Secondary hyperlipidemia is far more common and is caused by other medical conditions, medications, or lifestyle factors. Some of the key culprits:
- Hypothyroidism tends to raise cholesterol specifically. An underactive thyroid slows the liver’s ability to clear LDL from the blood. Treating the thyroid condition with hormone replacement often improves cholesterol levels on its own.
- Type 2 diabetes and obesity raise both cholesterol and triglycerides. Insulin resistance disrupts the way the liver produces and processes lipoproteins.
- Nephrotic syndrome (a kidney condition that causes excess protein loss in urine) also elevates both cholesterol and triglycerides. The liver overproduces lipoproteins in response to protein loss, while the body’s ability to clear triglyceride-rich particles drops.
- Excess alcohol intake primarily raises triglycerides.
Identifying a secondary cause is important because treating the underlying condition may resolve the lipid problem, or at least reduce the need for lipid-lowering medication. Prescribing a cholesterol drug for someone whose real issue is uncontrolled hypothyroidism, for example, can lead to unnecessary side effects, including a rare but serious muscle breakdown condition.

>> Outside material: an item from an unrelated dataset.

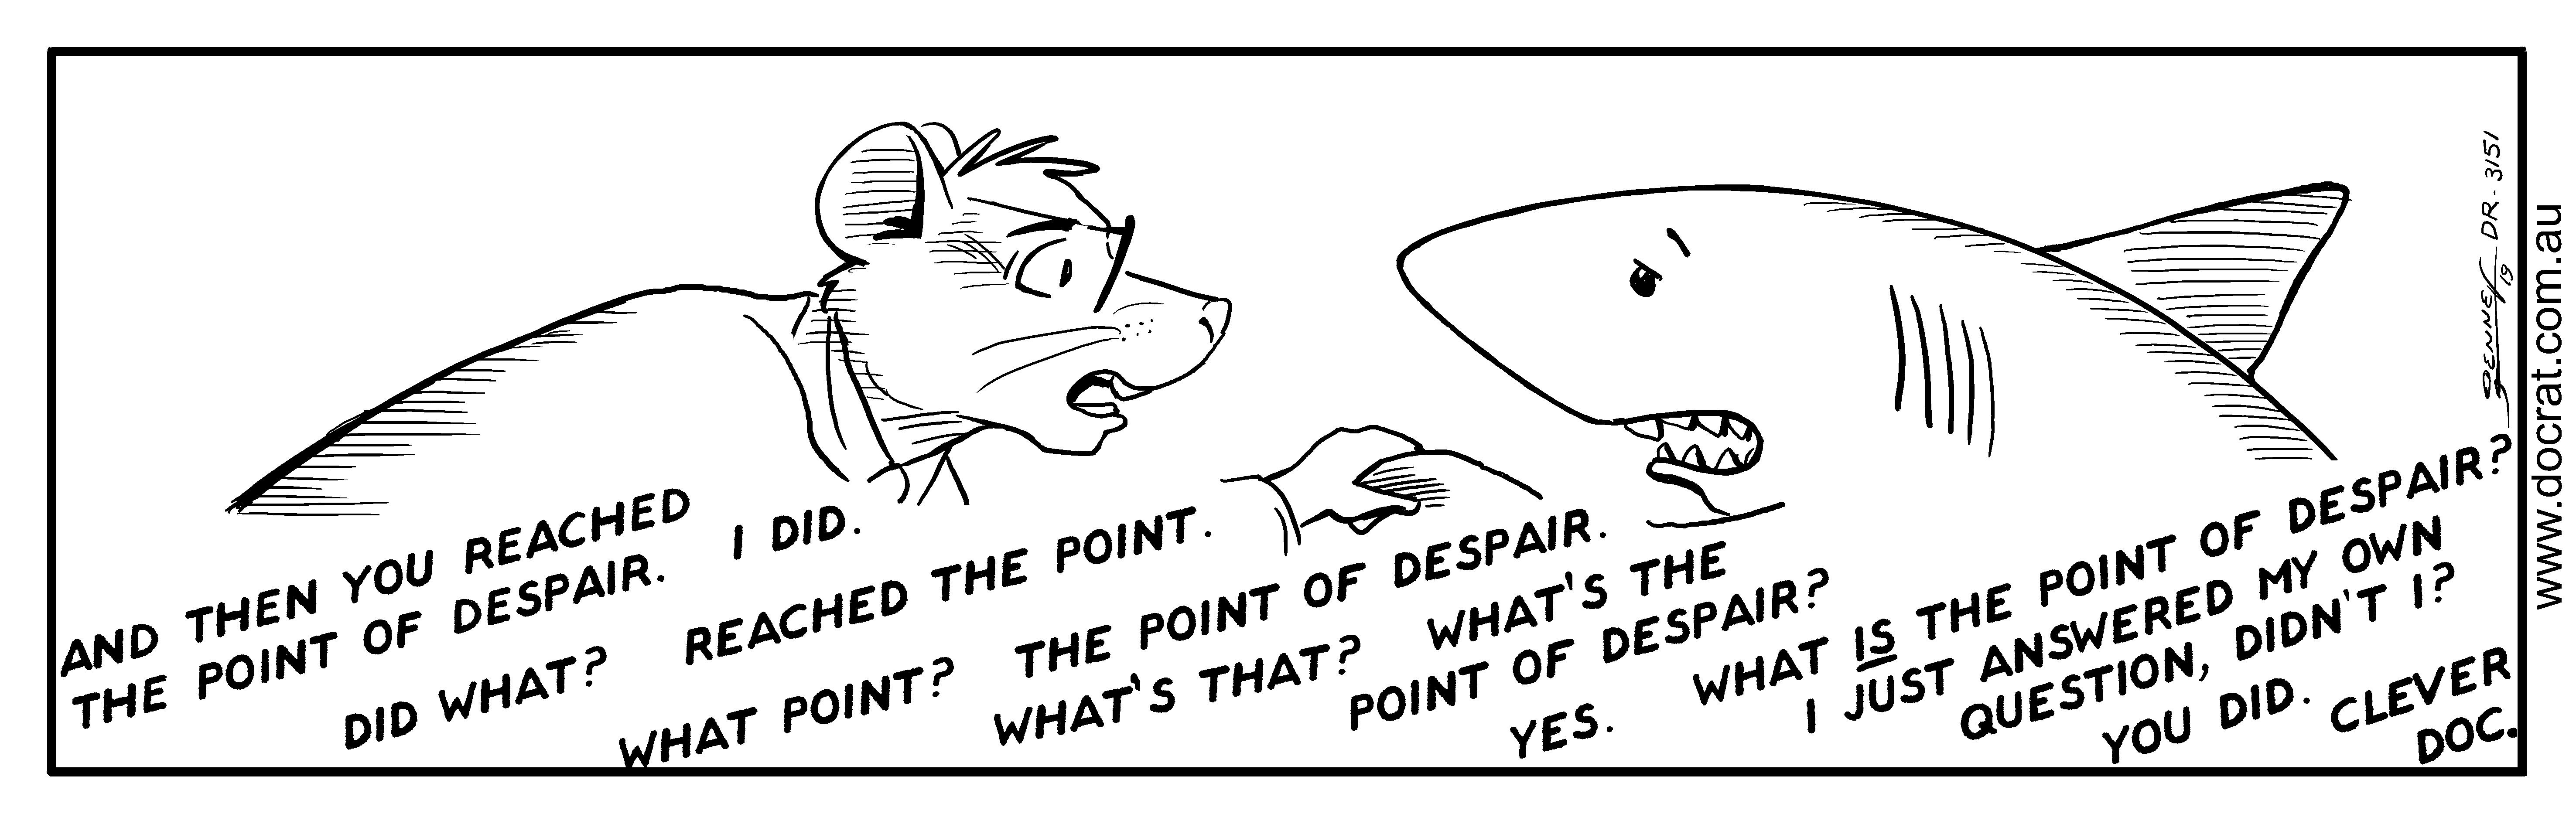 20190107

Physical Signs of Severe Hyperlipidemia
Most people with hyperlipidemia have no visible signs at all. But in severe cases, especially familial hypercholesterolemia, the body deposits excess cholesterol in places you can actually see. Three classic physical signs are associated with this condition: tendon xanthomas (firm, yellowish lumps along the tendons, especially at the knuckles and Achilles tendon), xanthelasmas (flat yellowish patches on or around the eyelids), and corneal arcus (a whitish-gray ring around the edge of the iris). In one large registry of people with familial hypercholesterolemia, about 5 to 7 percent had one of these signs.

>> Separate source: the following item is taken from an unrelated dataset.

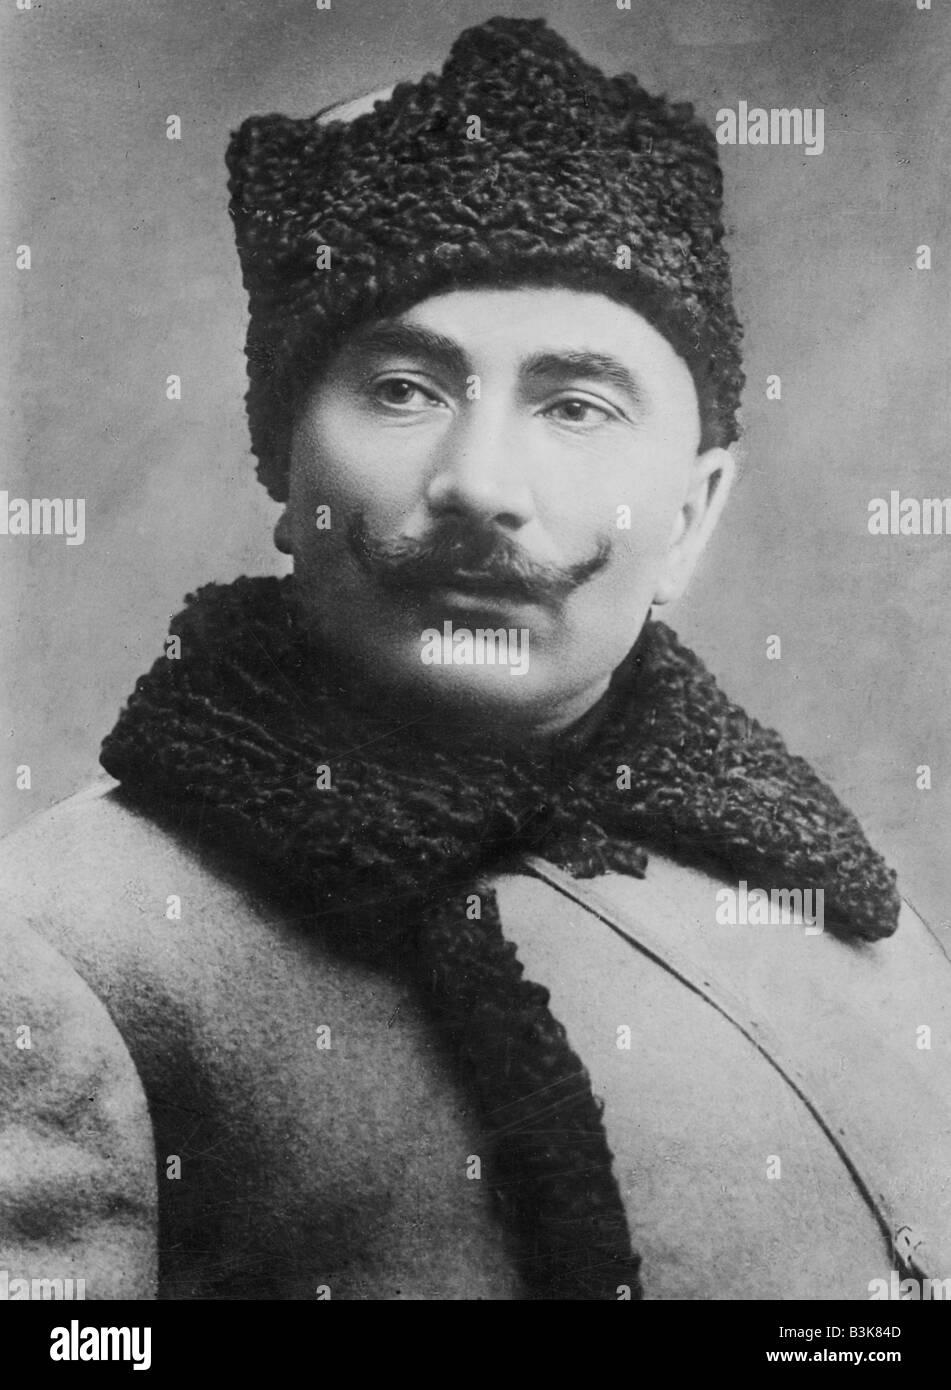 SEMYON MIKHAILOVICH BUDENNY  Soviet military commander 1883 to 1973 here in 1927 Stock Photo

If these appear before age 45, they’re a strong signal that lipid levels have been extremely high for a long time and that heart disease risk is elevated.

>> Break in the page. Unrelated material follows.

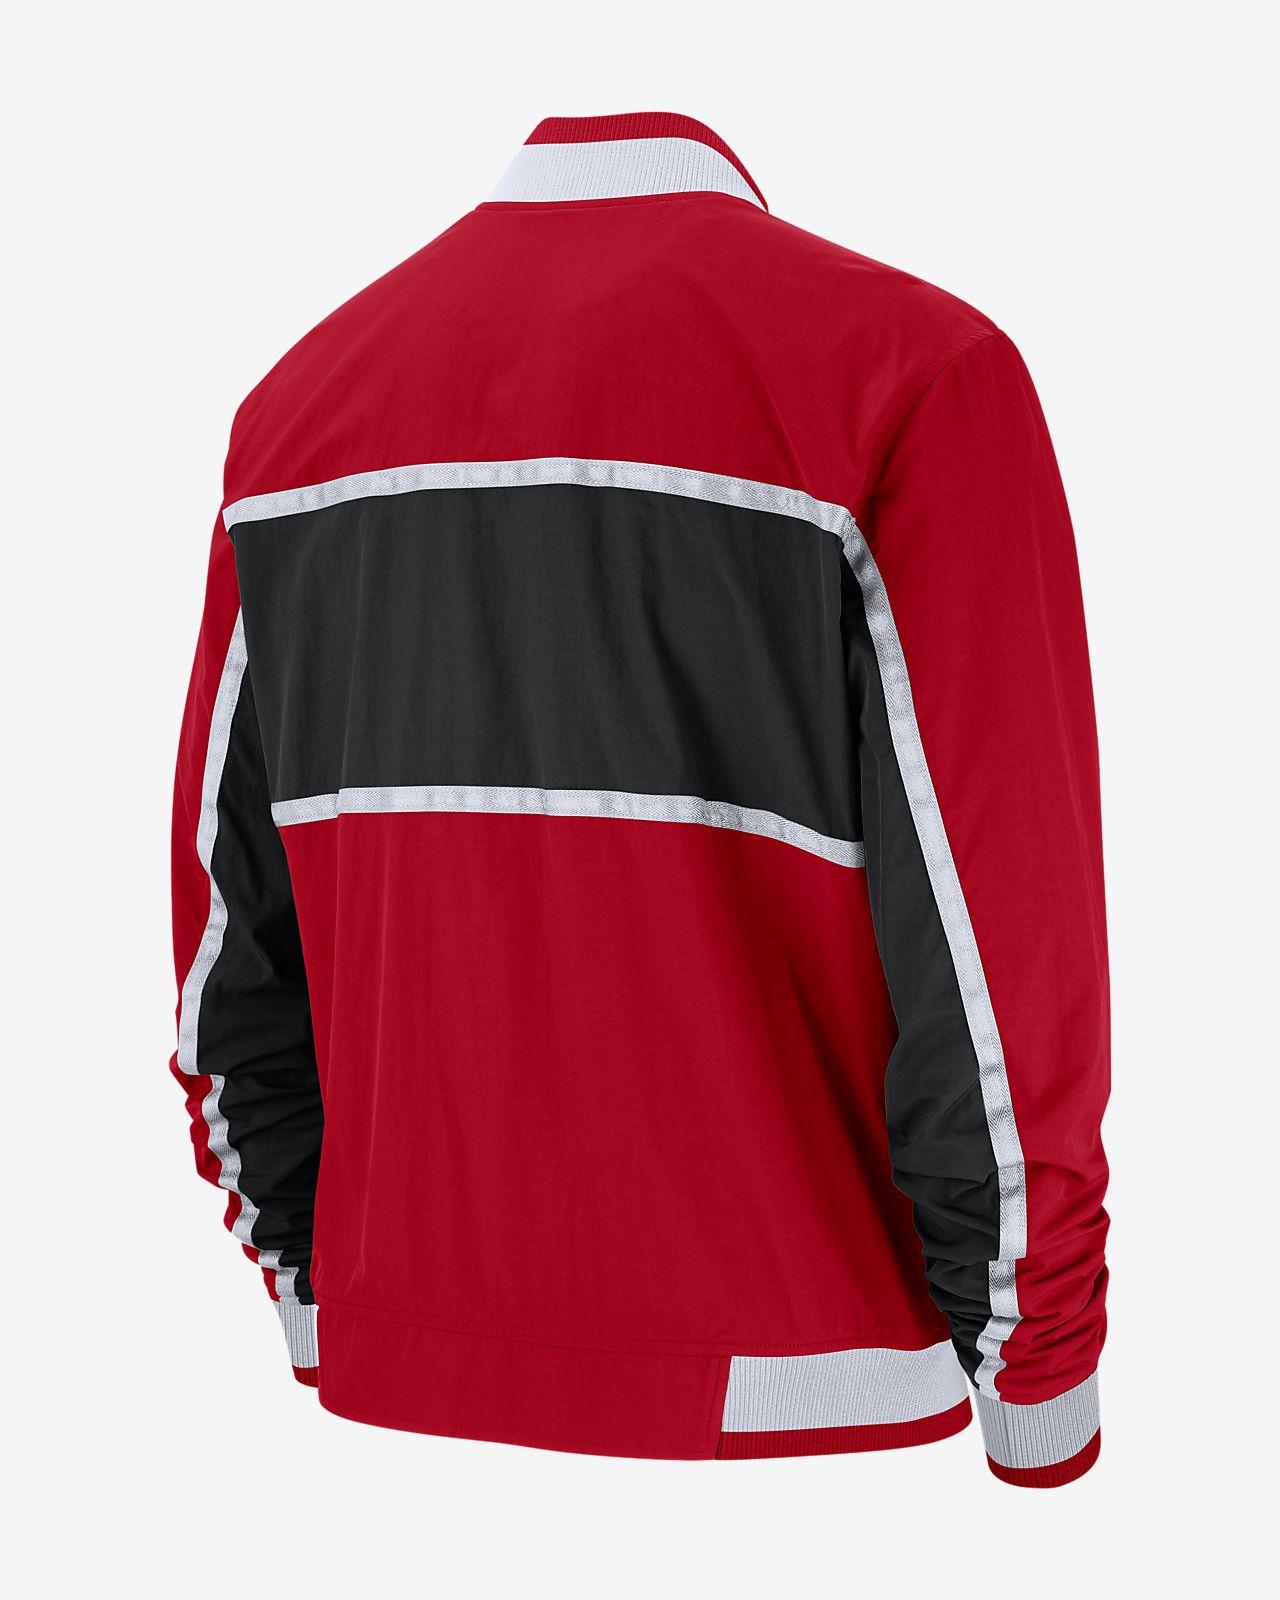 ec94290b07e Chicago Bulls Nike Courtside Men s NBA Jacket. Nike.com

When Triglycerides Become Dangerous on Their Own
While cholesterol gets most of the attention for heart disease, triglycerides carry their own acute risk. When triglyceride levels climb above 500 mg/dL, the risk of acute pancreatitis rises sharply. This is a painful and potentially life-threatening inflammation of the pancreas that requires hospitalization. The mechanism is different from the slow arterial damage of high cholesterol. At very high concentrations, triglycerides break down into toxic fatty acids that directly injure the pancreas.
How Hyperlipidemia Is Managed
Treatment depends on how high your levels are, what type of lipid is elevated, and your overall risk of heart disease. For people at intermediate risk (meaning a 7.5 to 20 percent chance of a cardiovascular event over the next 10 years), current guidelines recommend statin therapy if additional risk-enhancing factors are present, such as a family history of early heart disease, elevated inflammatory markers, or conditions like diabetes.
For most people starting treatment, the initial goal is to lower LDL by 30 to 49 percent from baseline using a moderate-intensity statin. People at higher risk, such as those who already have heart disease or familial hypercholesterolemia, typically need more aggressive treatment to push LDL below specific thresholds.
Lifestyle changes remain the foundation at every risk level. Reducing saturated fat, increasing fiber intake, maintaining a healthy weight, exercising regularly, and limiting alcohol all have meaningful effects on lipid levels. For some people with mildly elevated cholesterol and no other risk factors, these changes alone are enough. For others, they work alongside medication to reach targets that lifestyle alone can’t achieve.